A recent decision issued by the Superior Court, Appellate Division, Kubert v. Best, has garnered a fair degree of attention because of its clear impact on civil automobile accident litigation. In that case, the party who was injured in an automobile accident sought damages from those responsible for the accident. Not surprisingly, the driver of the other vehicle was sued, and in fact those claims were settled. What is remarkable about the case is that the plaintiff attempted to pursue another person named in the lawsuit, who was nowhere near the scene of the accident. The plaintiff attempted to hold the 17 year old female friend of the other driver responsible for his injuries. The 17 year old female was texting back and forth with her 18 year old friend, who was driving the other car that crashed into the plaintiff resulting in the plaintiff’s injuries.
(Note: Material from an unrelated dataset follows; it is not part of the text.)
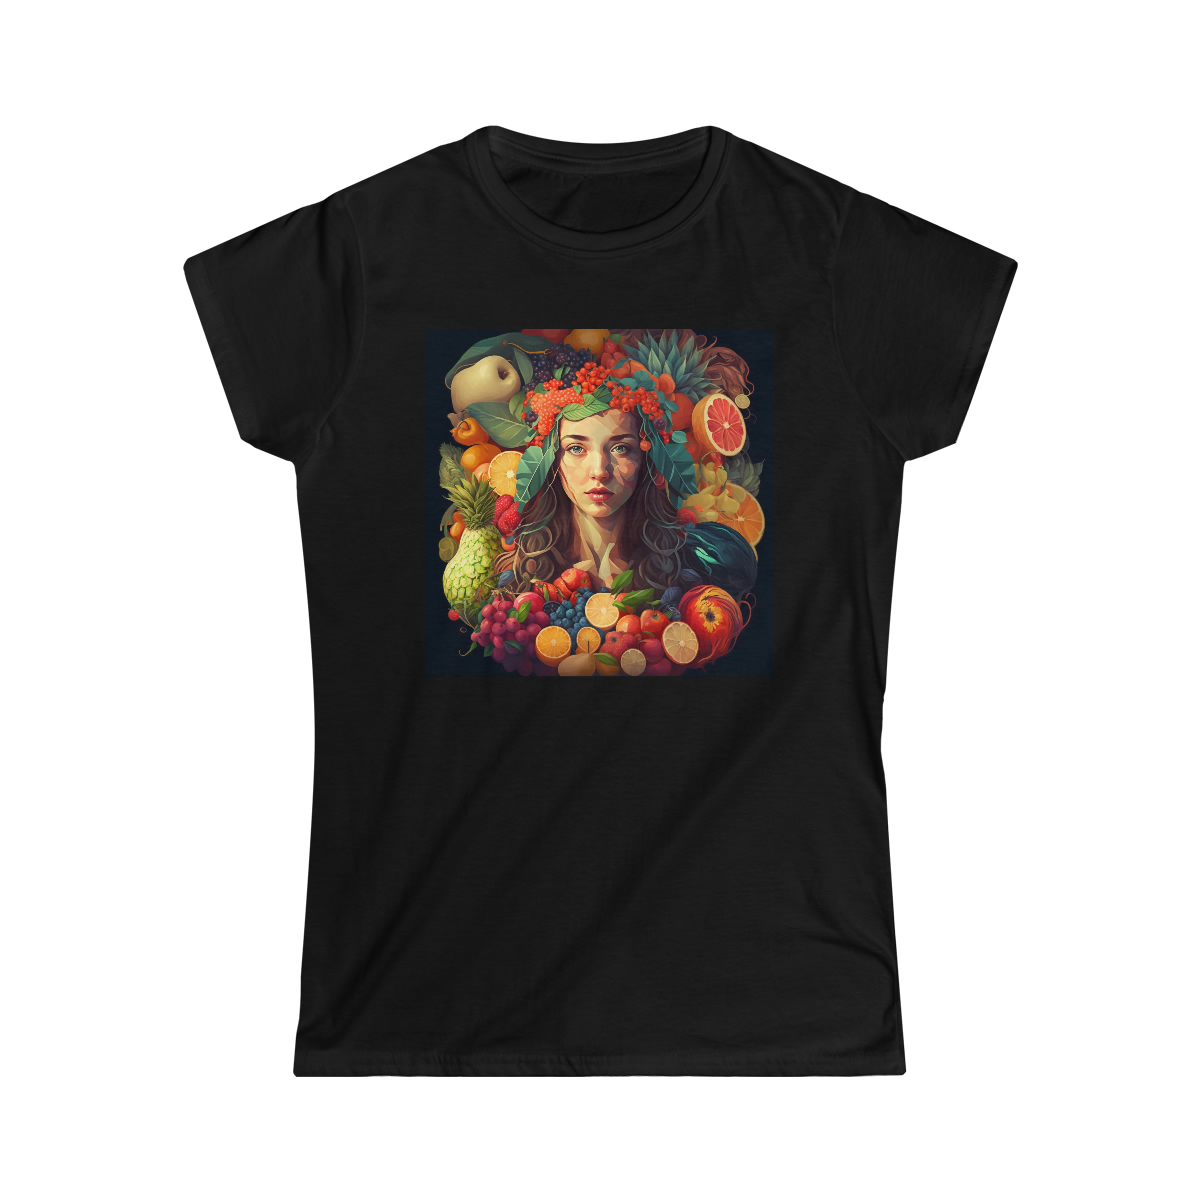 “Plant-Powered and Proud” Women’s Tee with Vegan Woman Surrounded by Fruits and Veggies

This case apparently represented the first time that an injured party sought to hold someone who was texting the other driver who was involved in the accident responsible for injuries sustained. After surveying the law in this jurisdiction, and others, our Appellate Division held:
We hold that the sender of a text message can potentially be liable if an accident is caused by texting, but only if the sender knew or had special reason to know that the recipient would view the text while driving and thus be distracted.
Various news outlets and commentators have questioned the wisdom of this conclusion. See here, here and here for examples. In addition, at least one state lawmaker has vowed to introduce legislation that would have the effect of overruling the Kubert opinion. As of this writing, the time to seek review of this opinion by the Supreme Court of New Jersey had not yet expired, so it is not known whether this opinion will be subject to further review by New Jersey’s highest court.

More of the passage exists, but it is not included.